If she were truly serious that it's over, she would have just said the relationship no longer works for her and wish you well. DONE. The End.

The irony is IF you DID give her what she "says" she wants, her attraction for you might eventually die even if she doesn't recognize that herself.

Meaning, she stayed in this uncertain ambiguous situation with you for SIX years which tells me she was drawn to it, attracted to it AND you despite her protestations that she wants "more."

What's also clear is that she is still madly in love with you after six years of this uncertainty and off/on chaos so what does this tell you?

@BackInTheGame78 posted recently what women "say" they want and what they actually "respond" to are often two different things.

Heed those words and proceed with extreme caution.

Something else to consider. She may have passive commitment issues herself which is why she was drawn to the uncertainty and chaos and why she stayed. For SIX years!

Like attracts like after all.
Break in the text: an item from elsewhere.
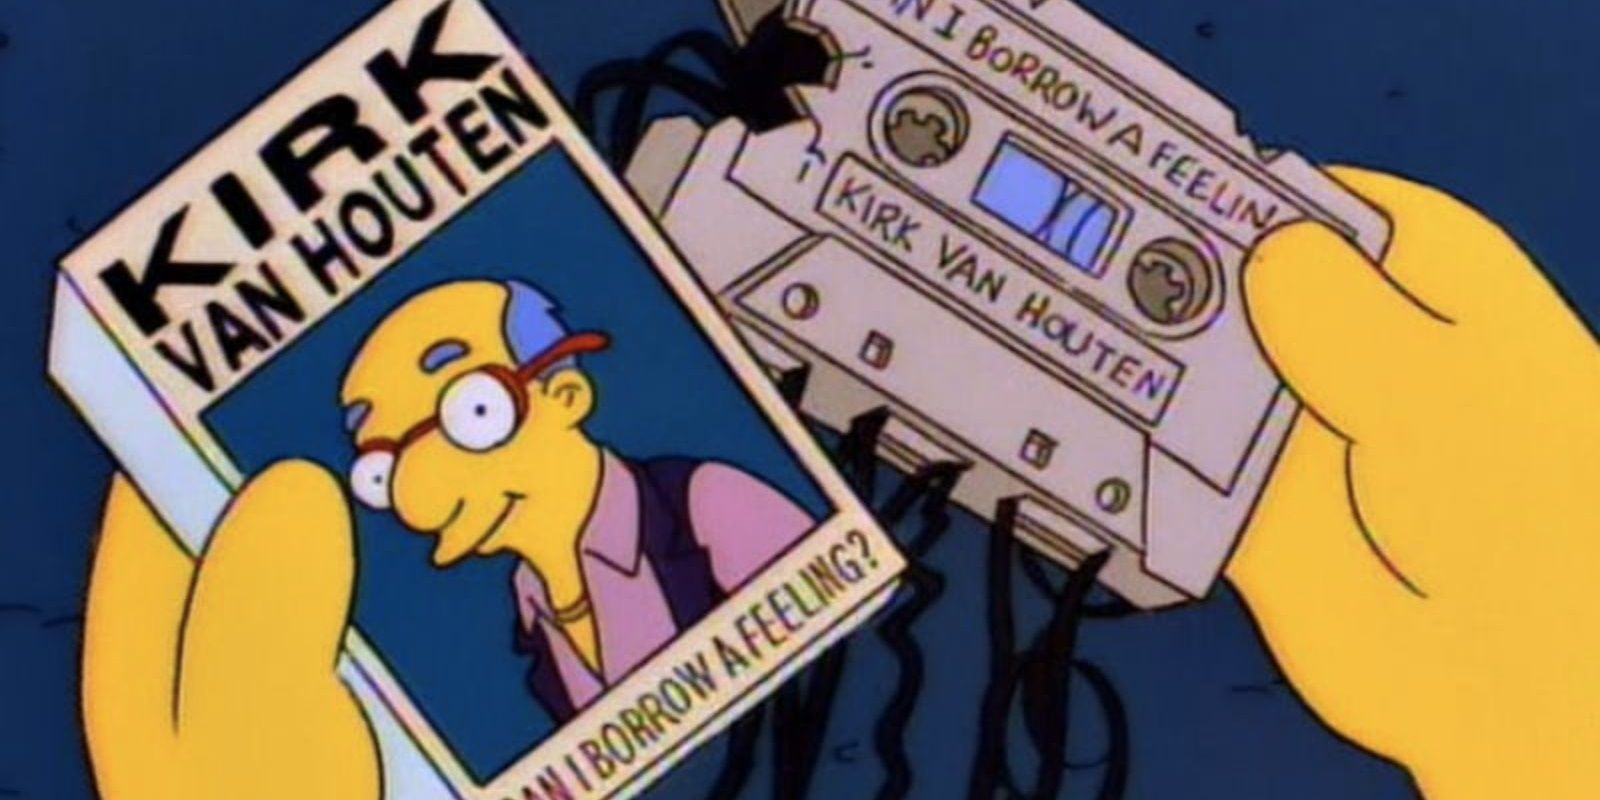 Kirk's demo tape in The Simpsons

Your commitment issues are active, you're the runner.

At the end of the day, this relationship might have just run its course and best to simply move on.
Totally agree about what women saying the want and what they respond to often being at odds, Corey Wayne also says as much in his book.

She used to call me an arsehole and I thanked her for it and told her that she loves me for it to which she agreed much to our mutual amusement.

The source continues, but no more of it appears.